Foreign Companies Setting up Branch Office(BO), Project Office (PO) and Liaison Office (LO) in India is required to make application to AD category Banks through which it wishes to peruse Banking Operations  

Eligibility Criteria for Setting up Branch Office / Project Office or Liaison Office in India 

  • The Applicant Company Should be Body Corporate Incorporated Outside India 
  • For Branch Office — a profit making track record during the immediately preceding five financial years in the home country and net worth of not less than USD 100,000 or its equivalent.
  • For Liaison Office — a profit making track record during the immediately preceding three financial years in the home country and net worth of not less than USD 50,000 or its equivalent.

Note: 
An applicant that is not financially sound and is a subsidiary of another company may submit a Letter of Comfort (LOC) (Annex A) from its parent/ group company, subject to the condition that the parent/ group company satisfies the prescribed criteria for net worth and profit.

Net worth : 

Net Worth [total of paid-up capital and free reserves, less intangible assets as per the latest Audited Balance Sheet or Account Statement certified by a Certified Public Accountant or any Registered Accounts Practitioner by whatever name called].

Cases in Which RBI Approval is required for Setting up Branch Office(BO), Project Office (PO) and Liaison Office (LO) in India

  • The applicant is a citizen of or is registered/incorporated in Pakistan;
  • The applicant is a citizen of or is registered/incorporated in Bangladesh, Sri Lanka, Afghanistan, Iran, China, Hong Kong or Macau and the application is for opening a BO/LO/PO in Jammu and Kashmir, North East region and Andaman and Nicobar Islands;
  • The principal business of the applicant falls in the four sectors namely Defence, Telecom, Private Security and Information and Broadcasting.
  • The applicant is a Non-Government Organisation (NGO), Non-Profit Organisation, Body/ Agency/ Department of a foreign government.

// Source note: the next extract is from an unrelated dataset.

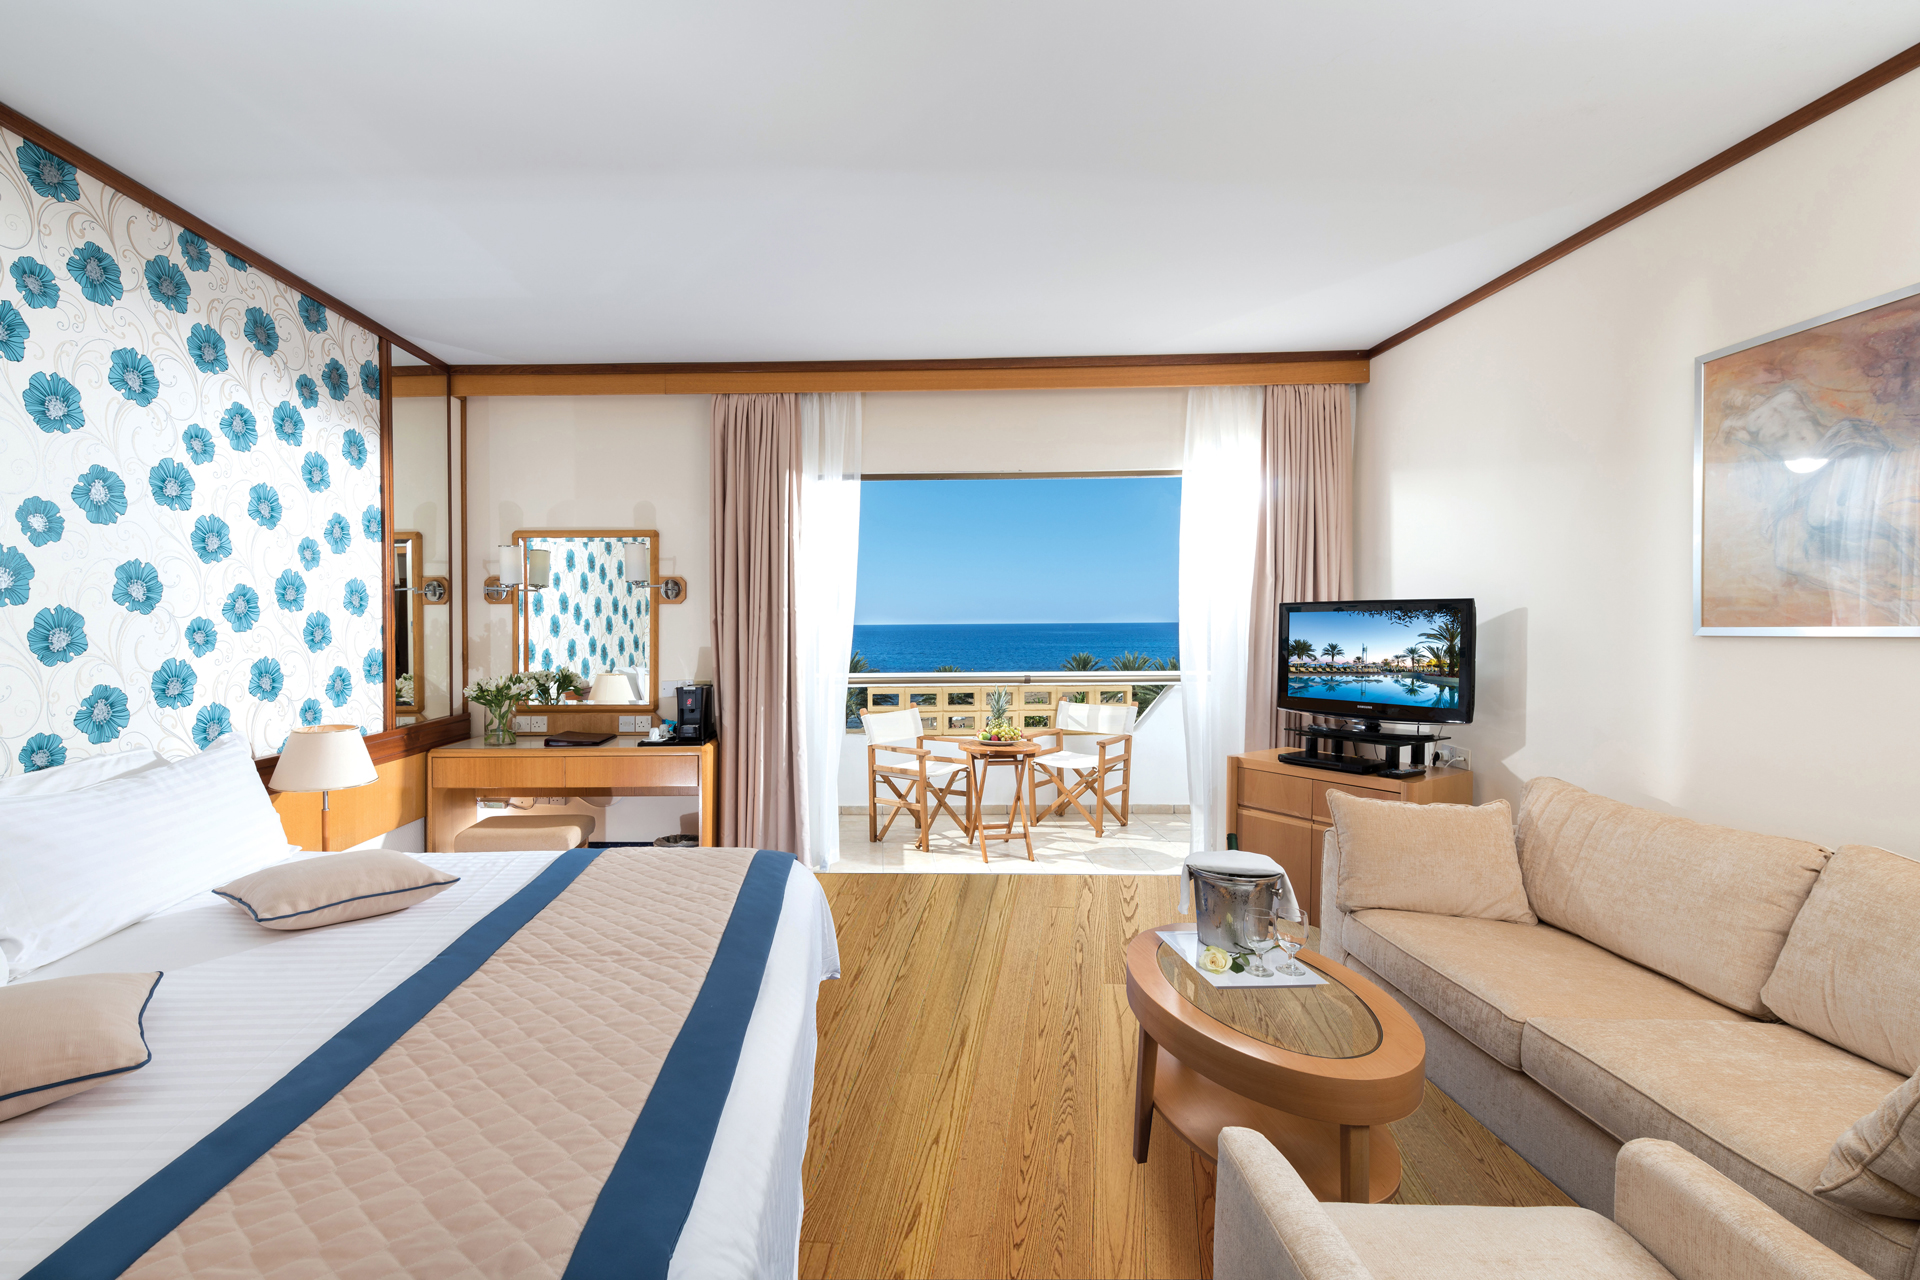 30-ATHENA-ROYAL-BEACH-HOTEL-SUPERIOR-DELUXE-ROOM

Procedure for making Application to AD-Category Bank for Setting up Branch Office(BO), Project Office (PO) and Liaison Office (LO) in India

If the Applicant Company fulfills the above mentioned eligibility Criteria , the Application can be made to AD category Bank through which applicant company wishes to peruse Banking Relations 

  1. The Application shall be made in Form Form FNC  to a designated AD Category – I bank along with Following Documents : 
  • Copy of the Certificate of Incorporation / Registration; Memorandum of Association and Articles of Association attested by the Notary Public in the country of registration.

    [If the original Certificate is in a language other than in English, the same may be translated into English and notarized as above and cross verified/attested by the Indian Embassy/ Consulate in the home country].
  • Audited Balance sheet of the applicant company for the last three/ five years in case of branch office/liaison office respectively.

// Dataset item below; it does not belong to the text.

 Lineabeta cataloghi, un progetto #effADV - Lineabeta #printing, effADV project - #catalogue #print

    [If the applicants’ home country laws/regulations do not insist on auditing of accounts, an Account Statement certified by a Certified Public Accountant (CPA) or any Registered Accounts Practitioner by any name, clearly showing the net worth may be submitted]
  • Bankers’ Report from the applicant’s banker in the host country / country of registration showing the number of years the applicant has had banking relations with that bank.
  • Power of Attorney in favor of signatory of Form FNC in case the Head of the overseas entity is not signing the Form FNC.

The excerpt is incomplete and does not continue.